Europe close: Stocks, euro jump after breatkthrough in German coalition talks
Stocks on the Continent fared well at the end of the week as the two main German parties achieved a breakthough in negotiations to form a grand coalition after a marathon 24 hours of talks, boosting asset prices across the single currency bloc.
By the closing bell, the benchmark Stoxx 600 was 0.31% or 1.24 points higher to 398.49, alongside a rise of 0.32% or 42.13 points to 13,245.03 for the German Dax and an advance of 0.52% or 28.51 points to 5,517.06 on the Cac-40.
Those gains materialised even in the face of a powerful move higher for the single currency, which tacked on 0.93% to stand at 1.2154 against the US dollar at the end of the session.
Early on Friday, it was announced that German Chancellor Angela Merkel's conservative Christian Democratic Union bloc and the Social Democrats had agreed to a blueprint for formal coalition negotiations.
But some analysts cautioned that a deal was not yet guaranteed.
According to Chris Scicluna and Mantas Vanagas at Daiwa Capital Markets, "opposition within the SPD to any future cooperation with Merkel should not be underestimated. So, even under the assumption that SPD delegates vote next weekend to give a green light to formal negotiations, we might yet see more drama unfolding in German politics over coming weeks.

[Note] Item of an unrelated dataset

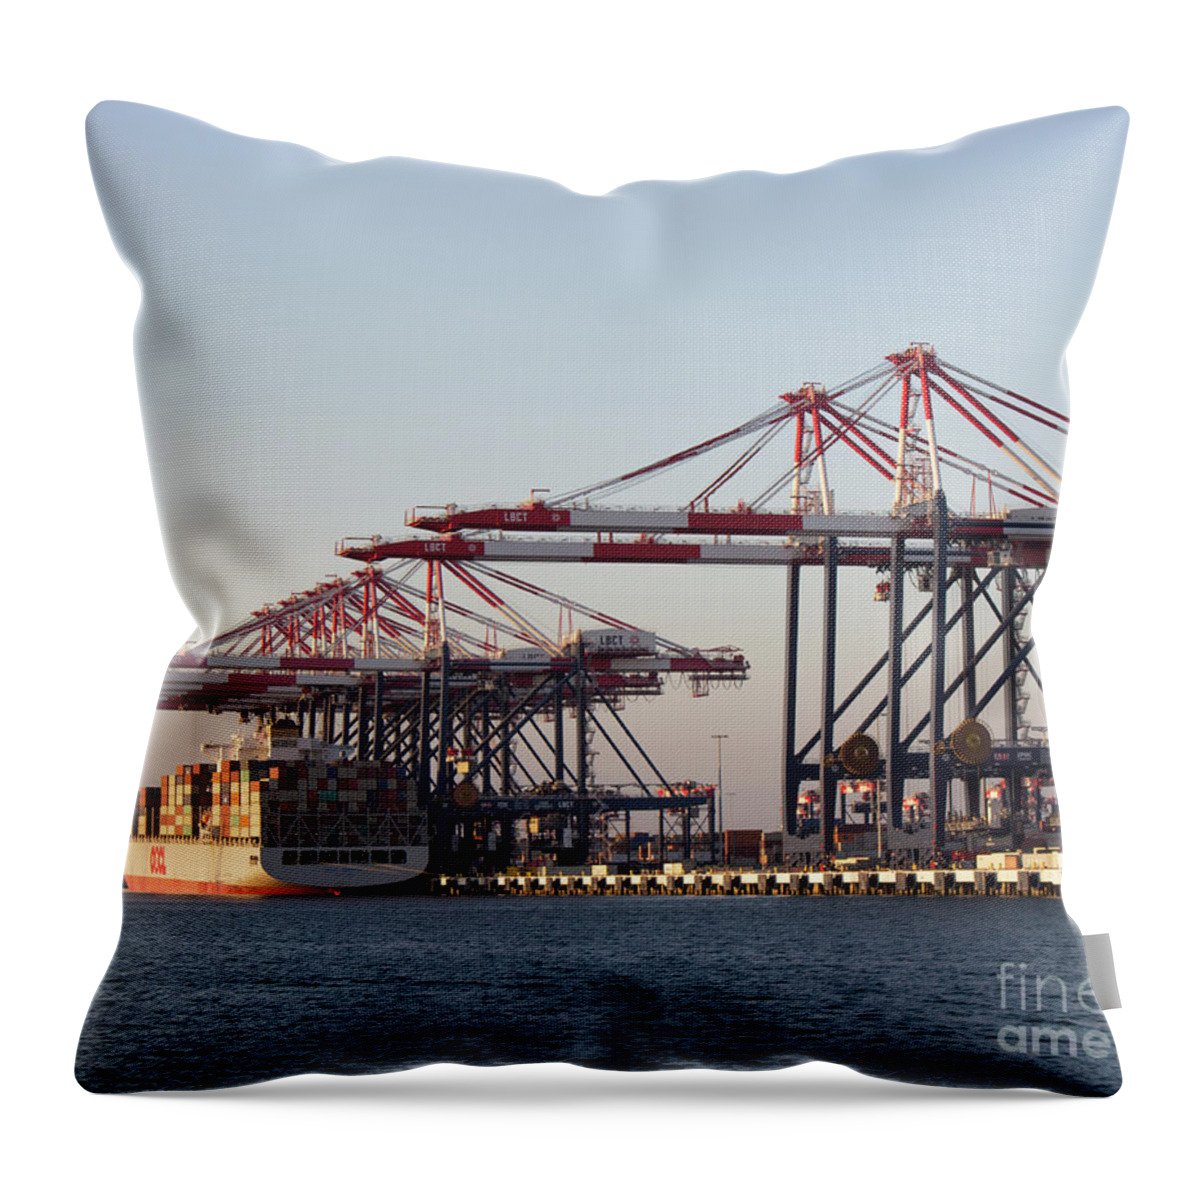 Cranes Throw Pillow featuring the photograph Cranes 2 by Cheryl Del Toro
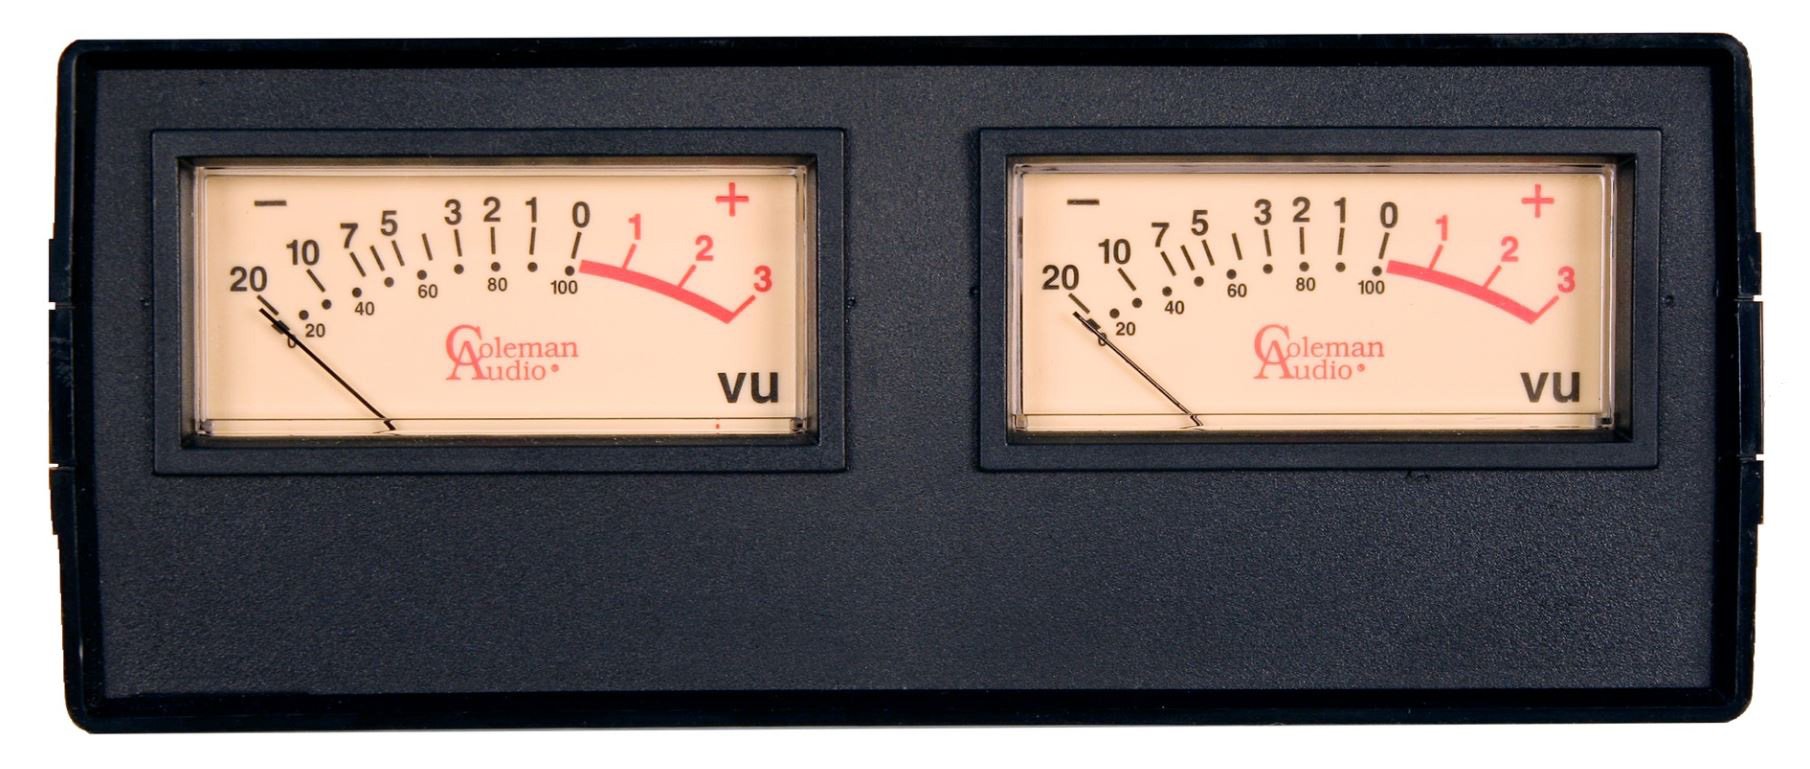 NEW VU Meter Bridge Unit for Studer A807, A810, A67, B67, C37 or any Other  Reel To Reel Tape Recorder - Reel to Reel World

And it appears unlikely that a new government will be in place before Easter."
Any deal between the two parties would also have to pass a vote by all party members, the two analysts pointed out.
Elsewhere on the economic front, industrial production in Italy was unchanged in November, ISTAT reported, and 2.2% higher versus the year-ago level.
In parallel, INSEE revised down a preliminary estimate for harmonised consumer prices in France during December to a gain of 0.4% on the month and 1.2% in annual terms.
The preliminary estimate had been an advance of 1.3%.
In corporate news, Volkswagen shares traded on the front foot even after the carmaker's finance chief, Frank Witter, announced the firm was expecting cash outflows of between four and five billion euros in 2019 in the wwake of the dieselgate emissions cheating scandal.